Supplied material =>
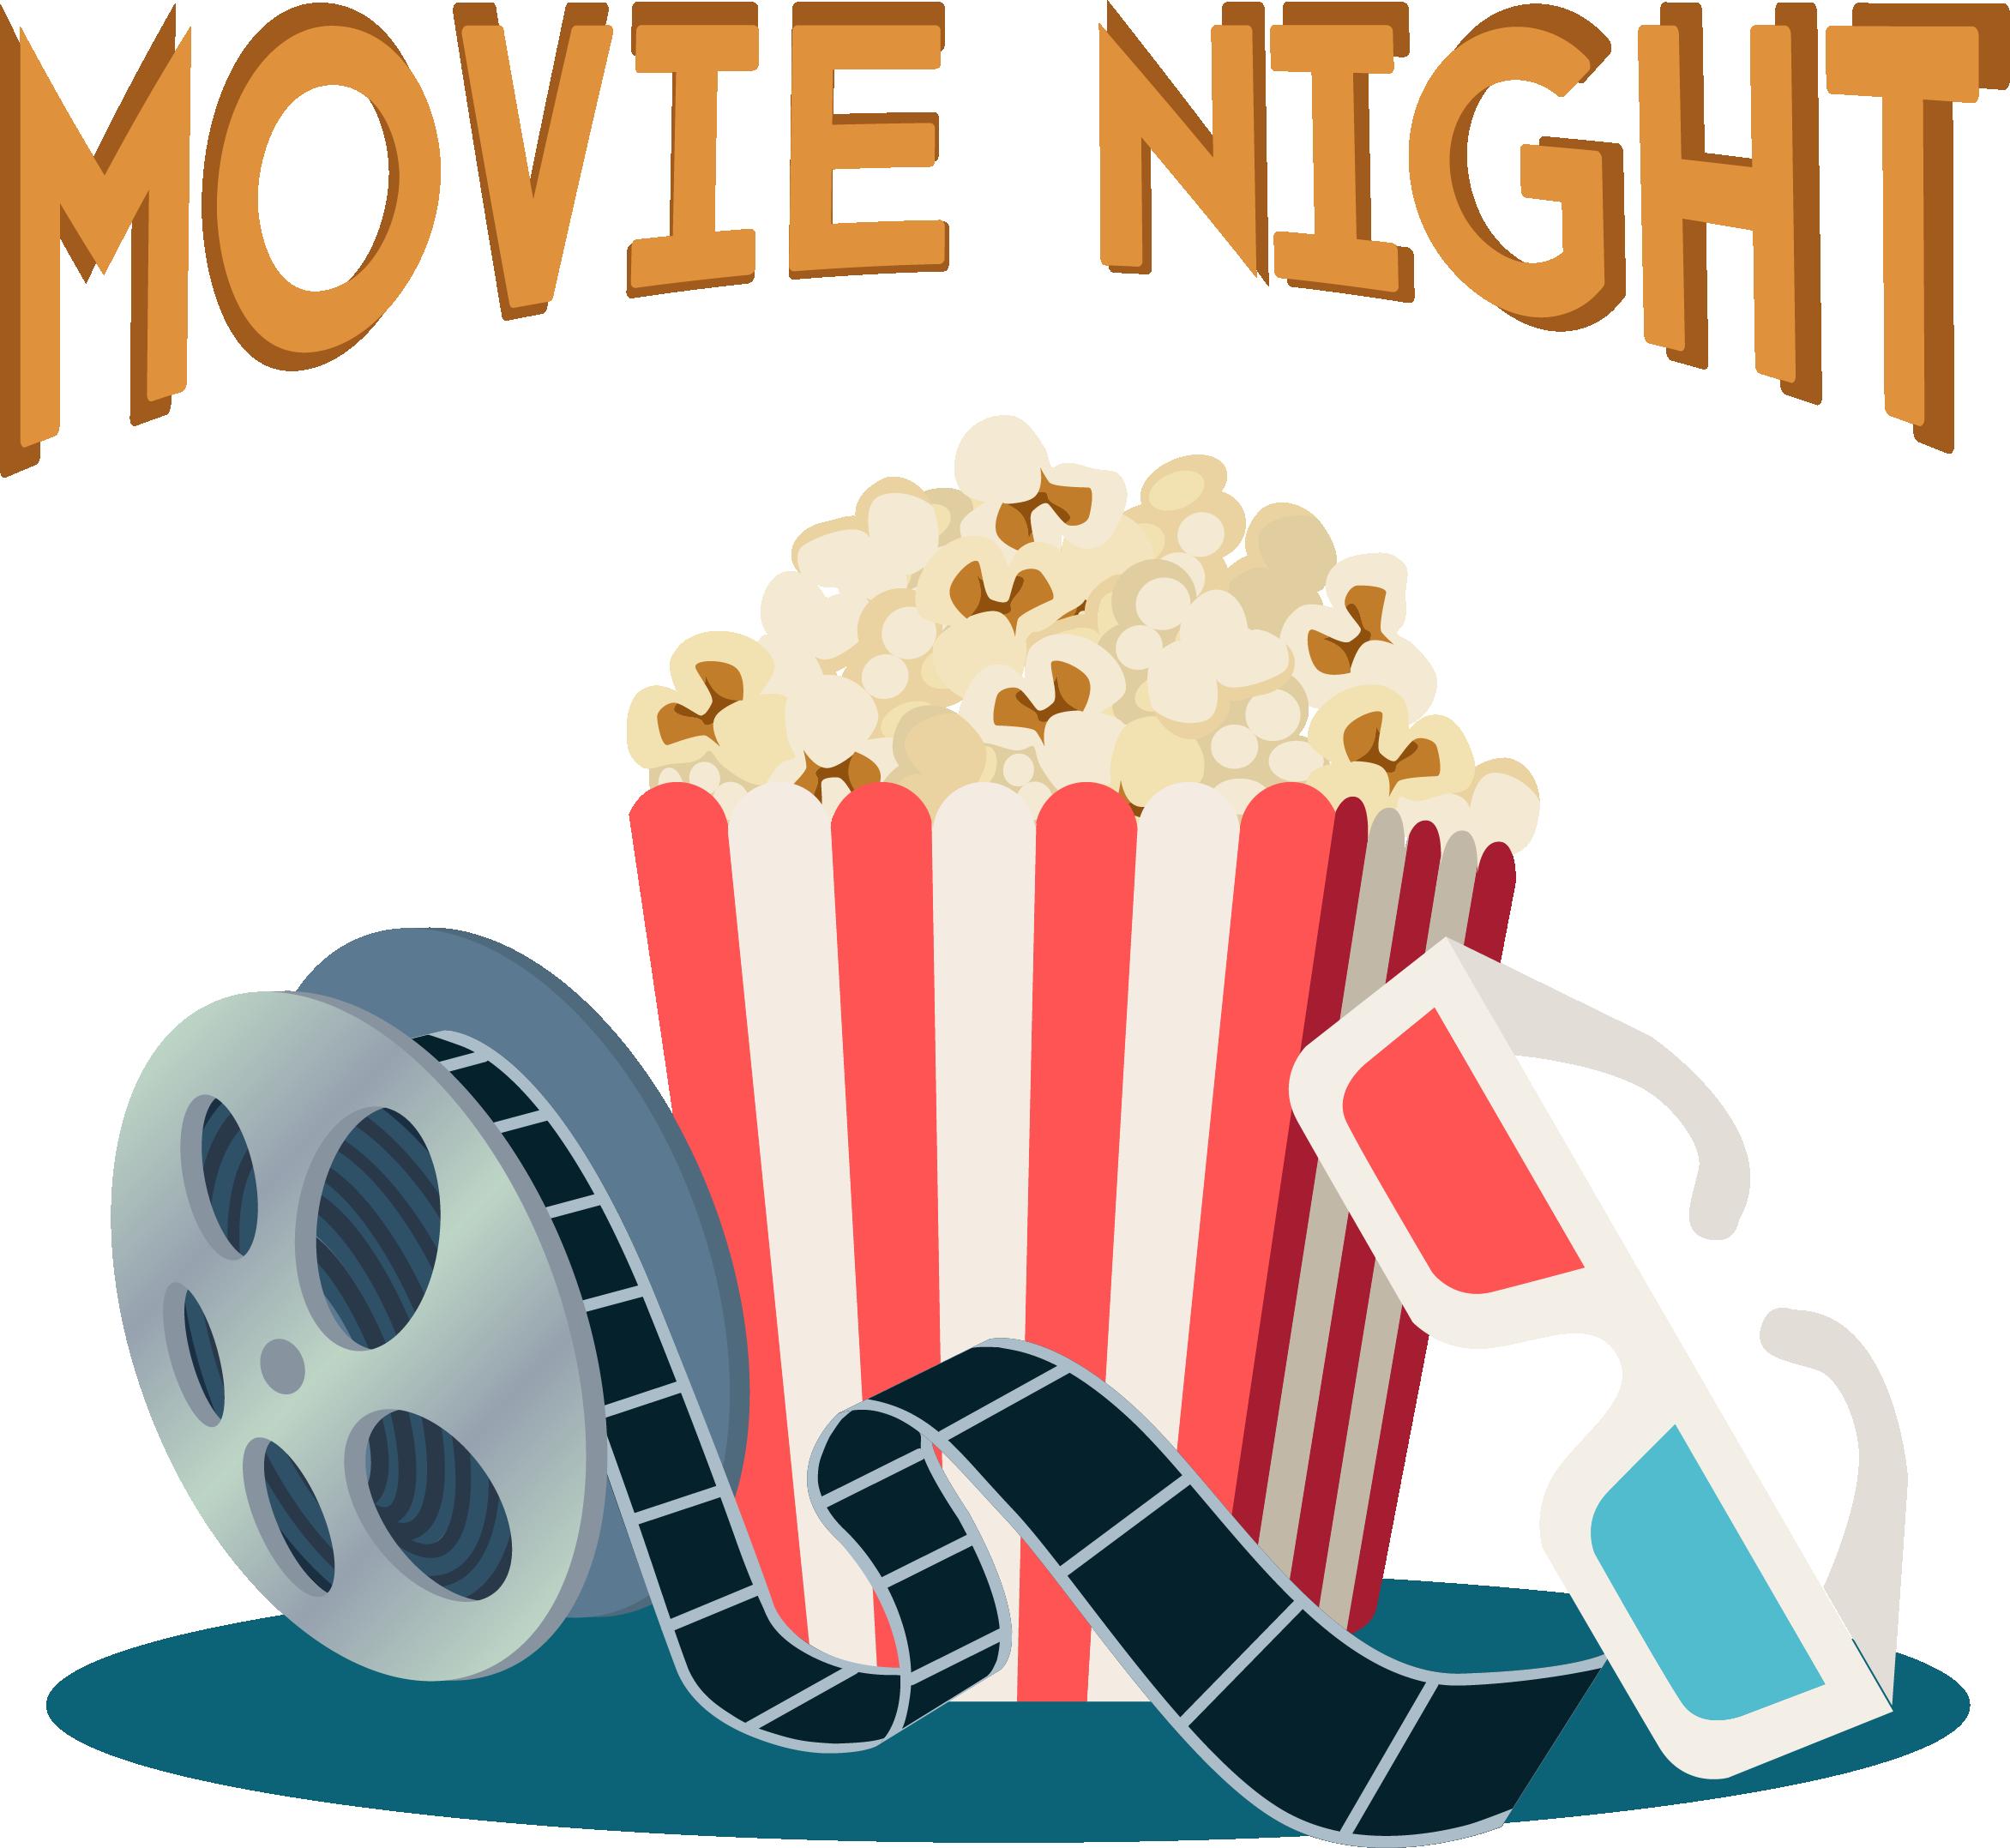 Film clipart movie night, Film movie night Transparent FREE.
---
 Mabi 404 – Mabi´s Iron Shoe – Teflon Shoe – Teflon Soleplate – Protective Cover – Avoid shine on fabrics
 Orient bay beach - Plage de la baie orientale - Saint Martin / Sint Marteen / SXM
---
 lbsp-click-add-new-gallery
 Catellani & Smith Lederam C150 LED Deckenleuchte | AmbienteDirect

Instructions to follow =>
Restate word for word the lines in the material above from the one with "lbsp-click-add-new-gallery" to the one with "Catellani & Smith"; both of those lines count, and nothing else does.

Answer space =>
 lbsp-click-add-new-gallery
 Catellani & Smith Lederam C150 LED Deckenleuchte | AmbienteDirect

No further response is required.